### What the task requires
Extract the line that contains "The Etruscans Their" and every line after it through the end of the records below, exactly as written, leaving out any pictures.

====

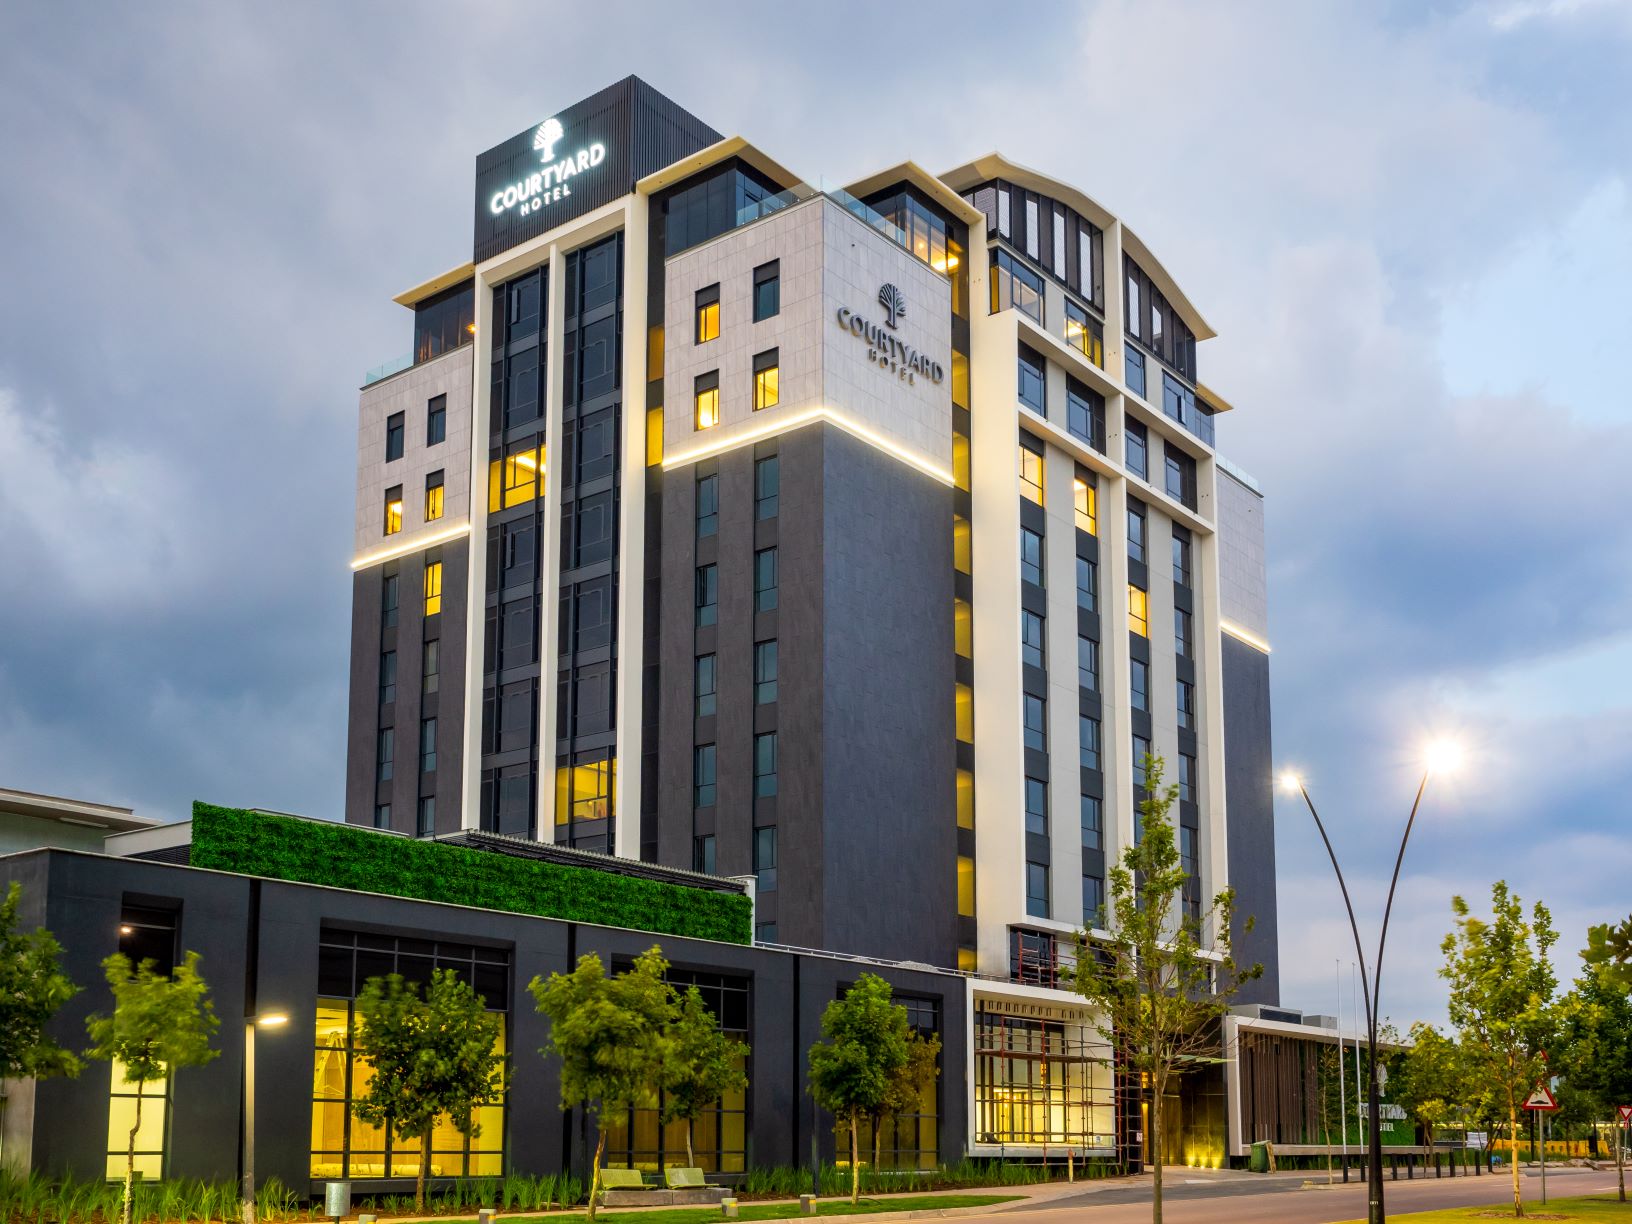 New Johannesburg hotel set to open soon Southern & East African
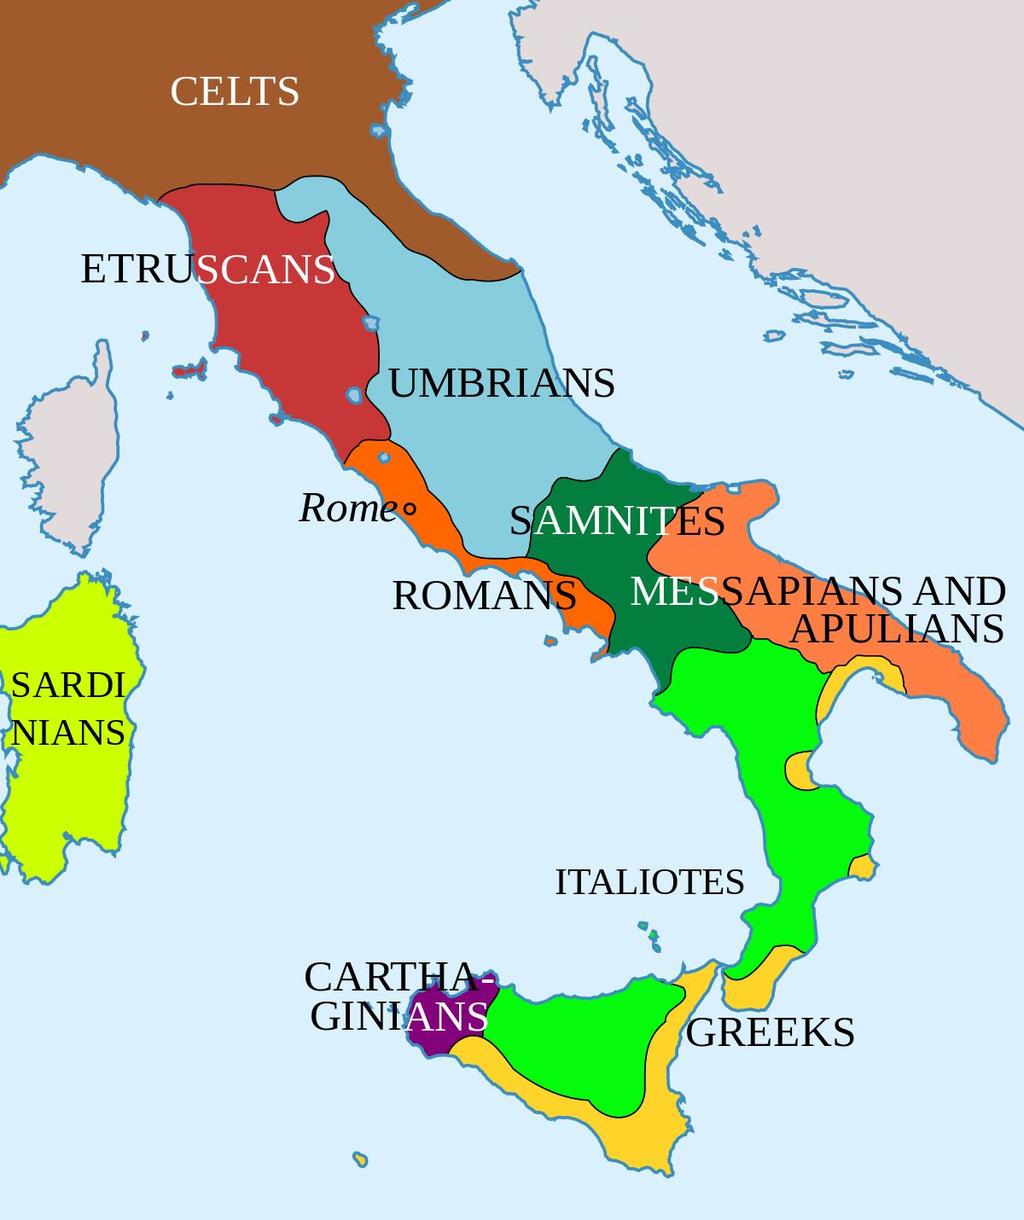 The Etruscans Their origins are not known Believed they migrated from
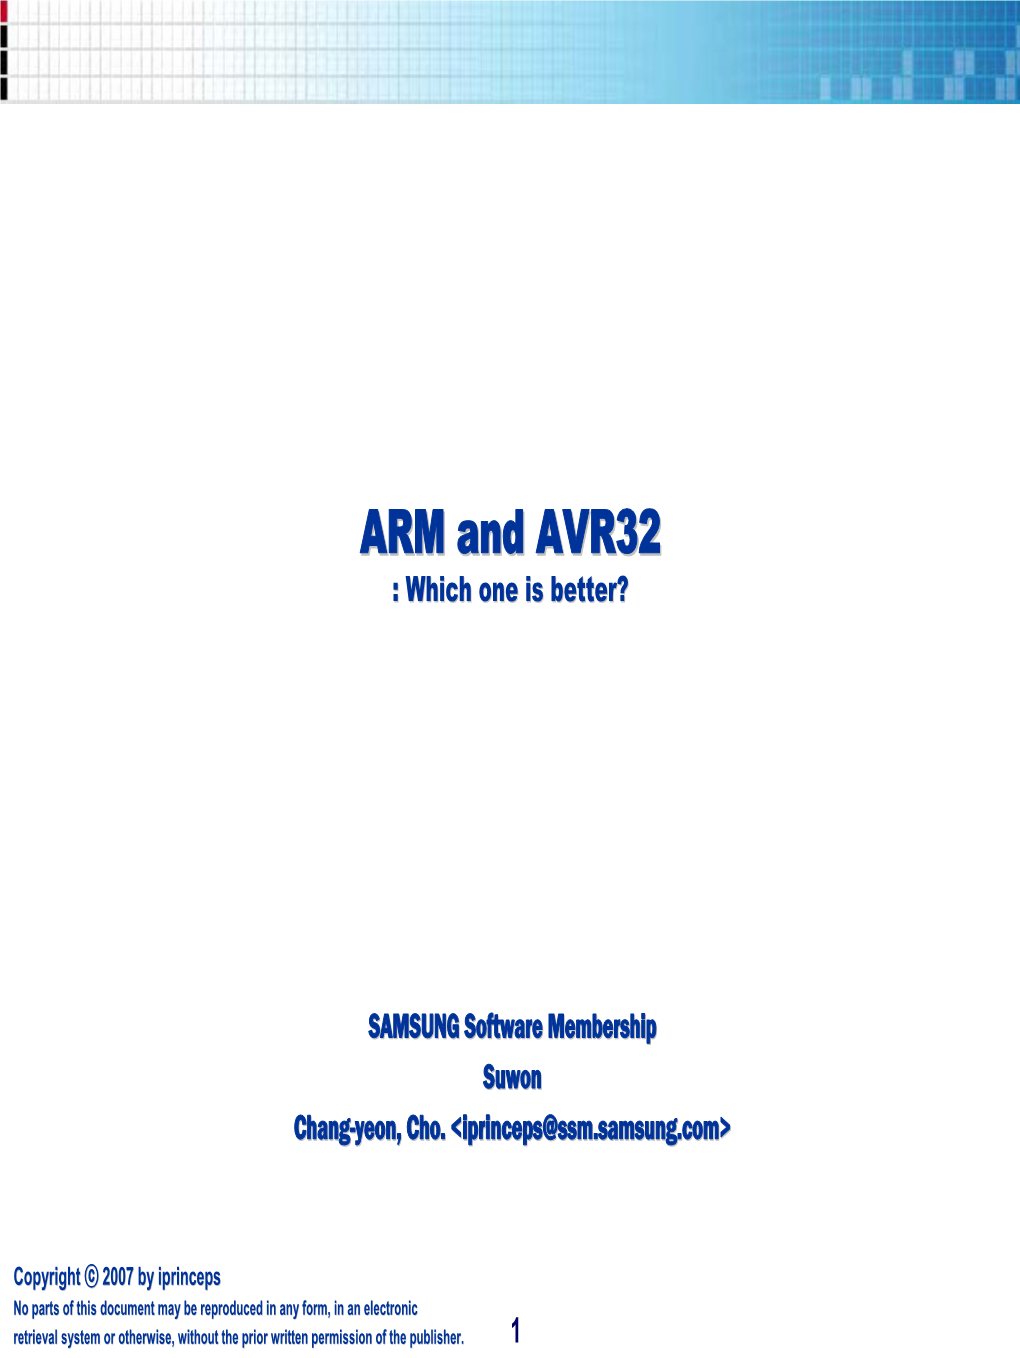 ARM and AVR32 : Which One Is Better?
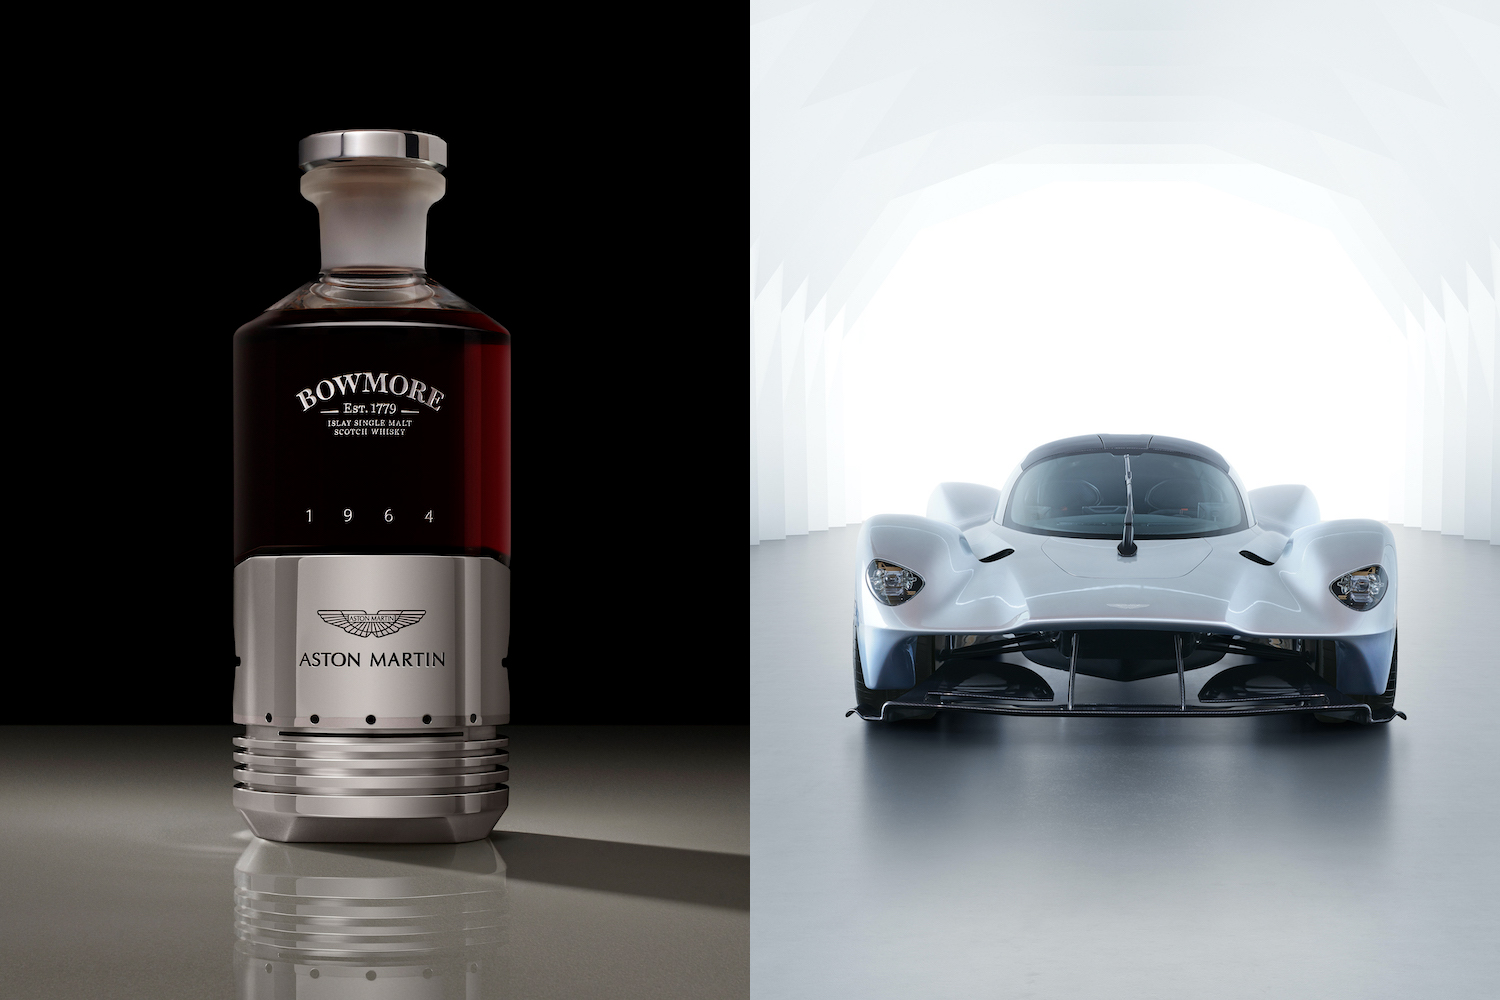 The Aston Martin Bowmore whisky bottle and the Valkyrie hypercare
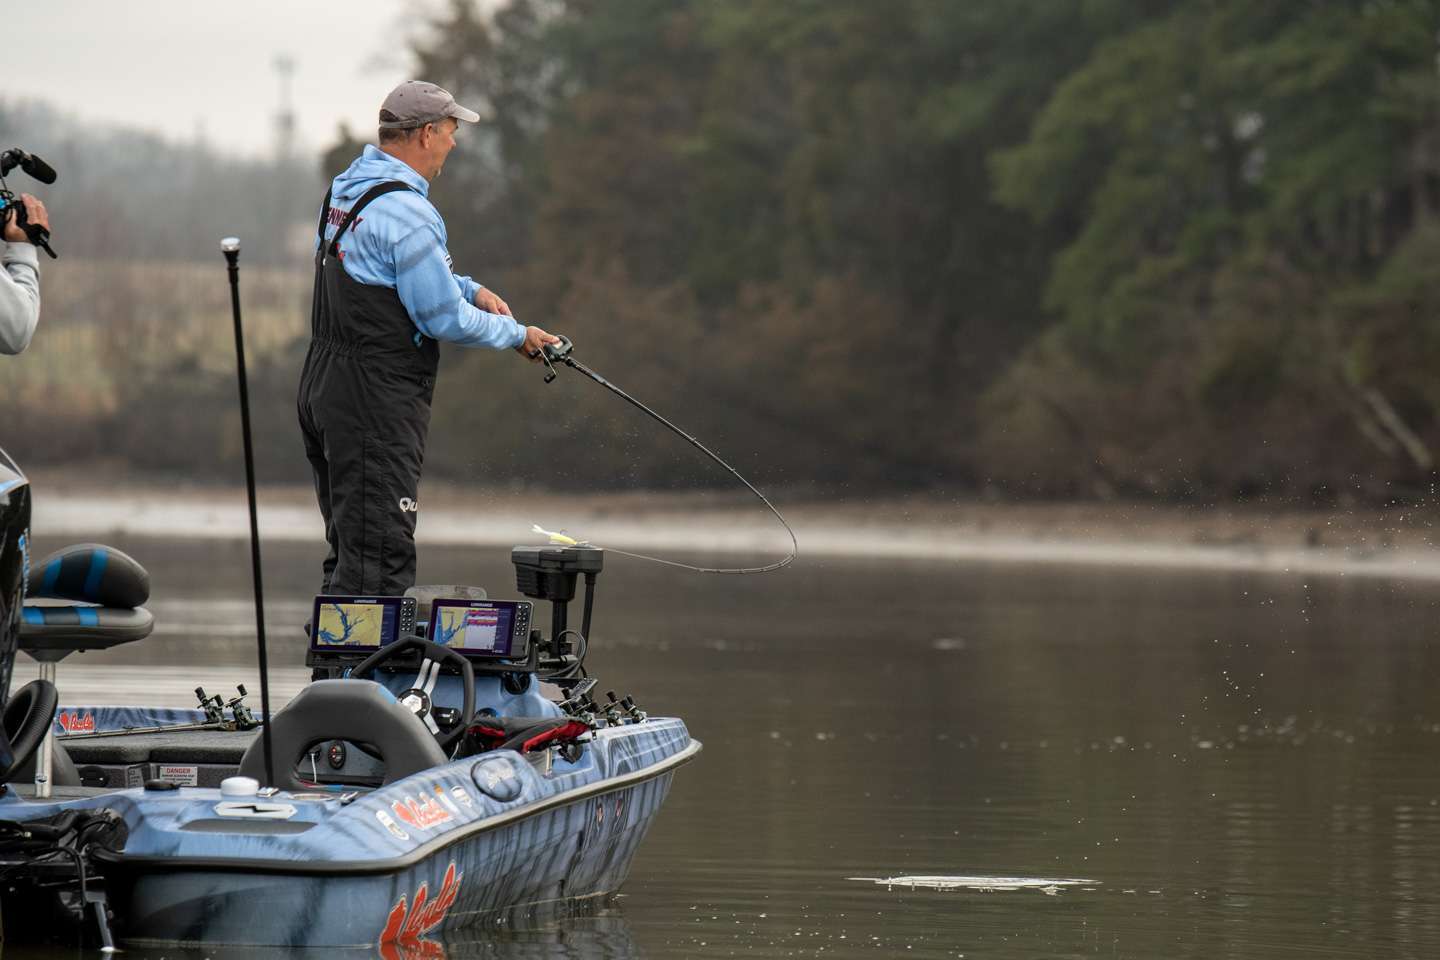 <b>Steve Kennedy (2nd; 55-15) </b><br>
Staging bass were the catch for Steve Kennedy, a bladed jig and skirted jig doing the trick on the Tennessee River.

====

### Output for this task
 The Etruscans Their origins are not known Believed they migrated from
 ARM and AVR32 : Which One Is Better?
 The Aston Martin Bowmore whisky bottle and the Valkyrie hypercare
 <b>Steve Kennedy (2nd; 55-15) </b><br>
Staging bass were the catch for Steve Kennedy, a bladed jig and skirted jig doing the trick on the Tennessee River.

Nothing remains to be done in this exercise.